Some flawed research designs include using ACOAs as part of the control group and comparing them to other ACOAs within the same study. This may have caused some limitations in the study that were not listed.

Alcoholism in family systems

For addict parents, alcohol impairs their cognitive abilities, makes them more likely to have irrational thinking patterns and memory loss, and slowly become withdrawn from their kid’s life. These are just a few of the many consequences of growing up in an alcoholic home. Each child is different and interprets and internalizes a parent’s alcoholic behavior differently. It’s also important to realize that the effects of living with an alcoholic parent don’t stop once the child reaches adulthood. Isolation — Being a child of an alcoholic can be a lonely experience. Children may feel they have no one to talk to about their parent’s behavior.

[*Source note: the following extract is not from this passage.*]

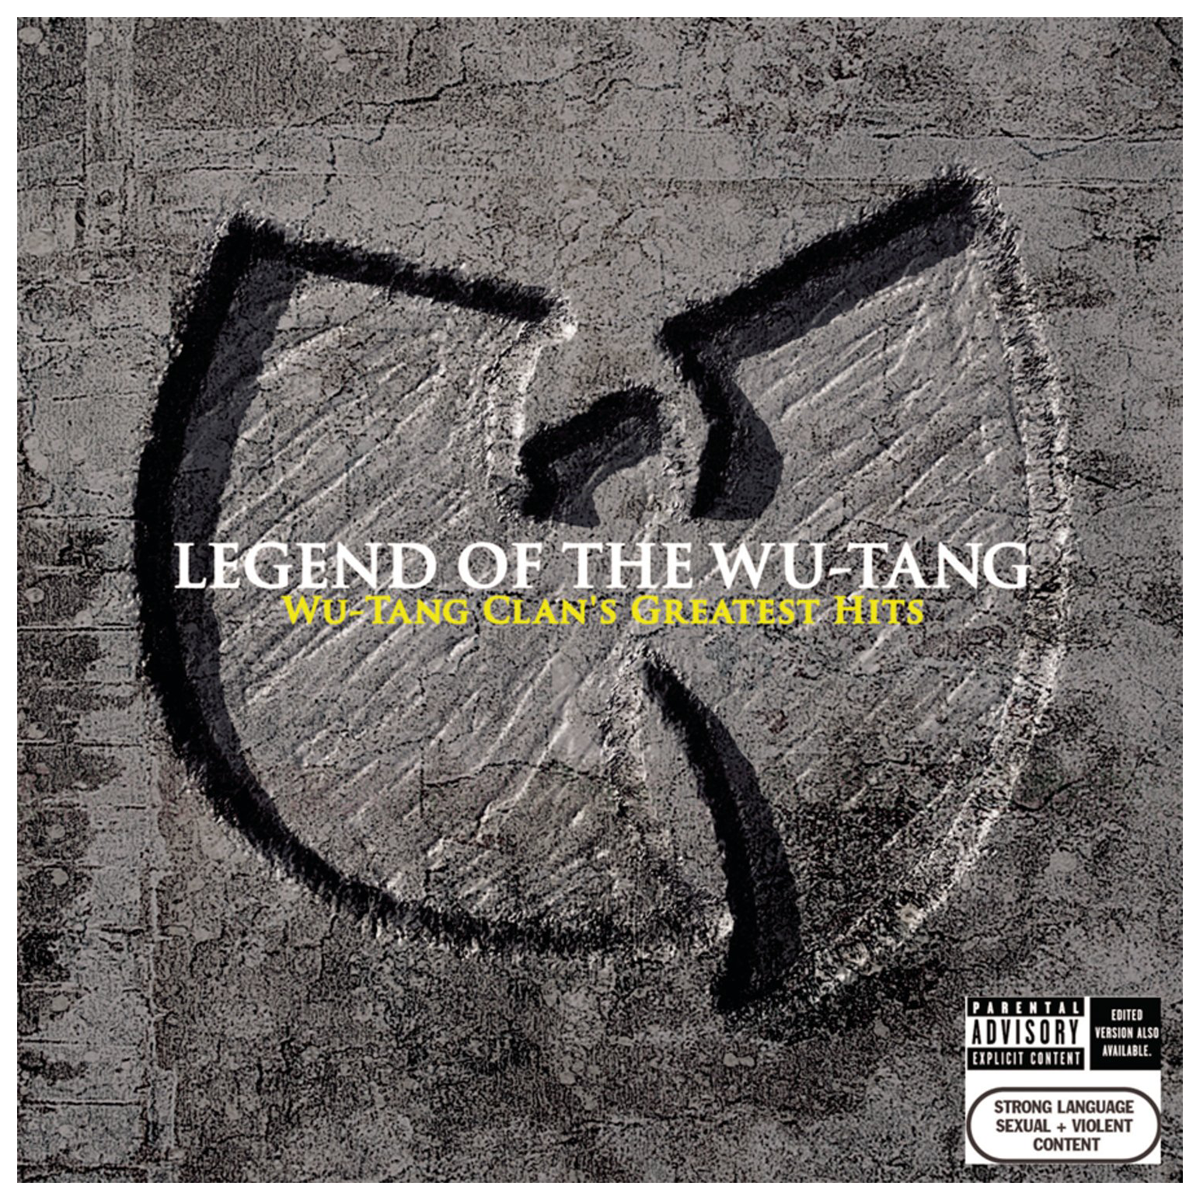 WU TANG CLAN - DA MYSTERY OF CHESSBOXIN
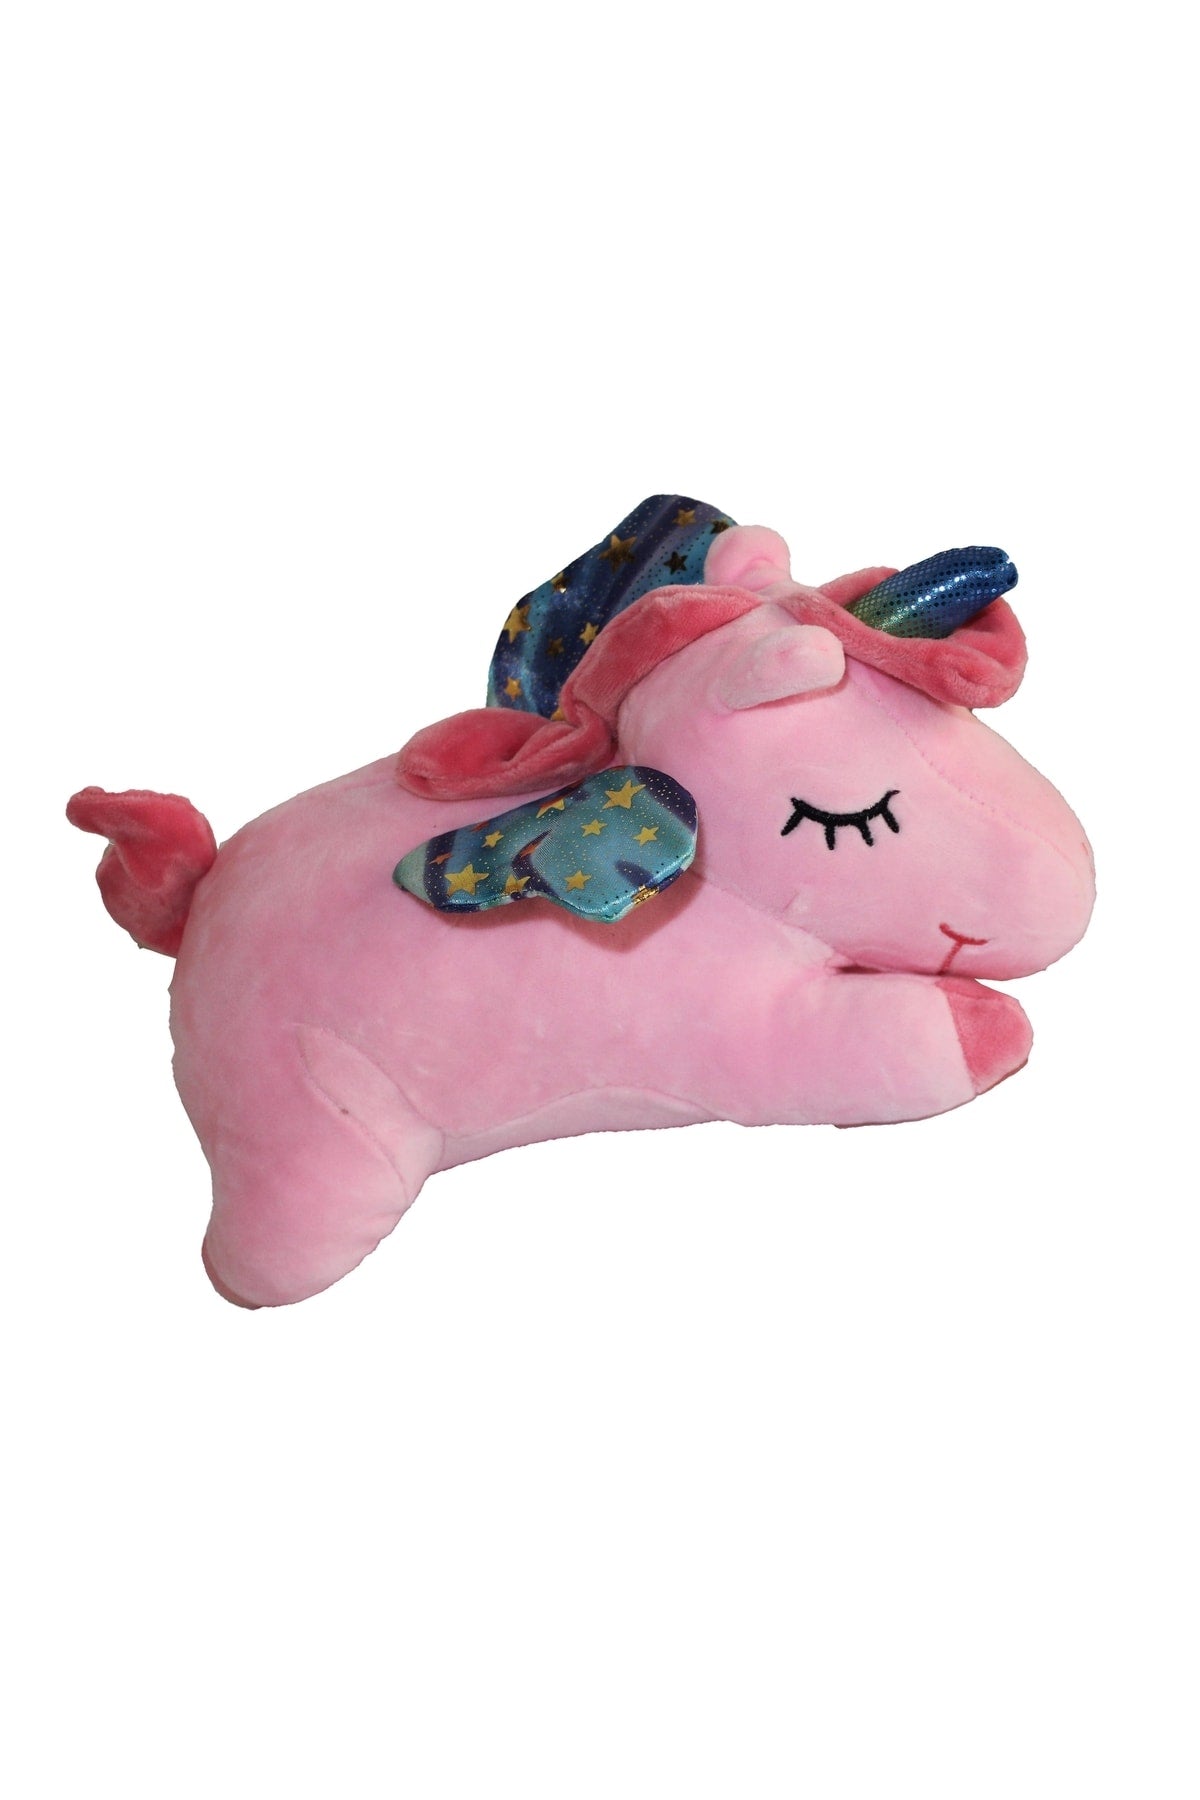 Imported Fabric Cute Star Wings Horned Unicorn Figure Plush Toy Play & Sleep Companion 28 Cm.

They may also be embarrassed by their parents, causing them to withdraw from friends and other family members.

  • According to the American Academy of Child and Adolescent Psychiatry , children are in a unique position when their parents abuse alcohol.
  • Individual therapy is a great place to start, says Michelle Dubey, LCSW, chief clinical officer for Landmark Recovery.
  • Research has demonstrated just how difficult it can be for adult children of alcoholic parents to form meaningful relationships.
  • Theories of alcoholism propose that the genetic predisposition for alcoholism in children of alcoholic parents is partially mediated by temperament or personality.
  • Many factors can affect marital and/or parenting difficulties, but there has not been any evidence found that can link these issues specifically to ACOAs.
  • Genetic risk is increased because the offspring may inherit a genetic predisposition toward alcoholism through the combined lineages of the maternal and the paternal sides of the family.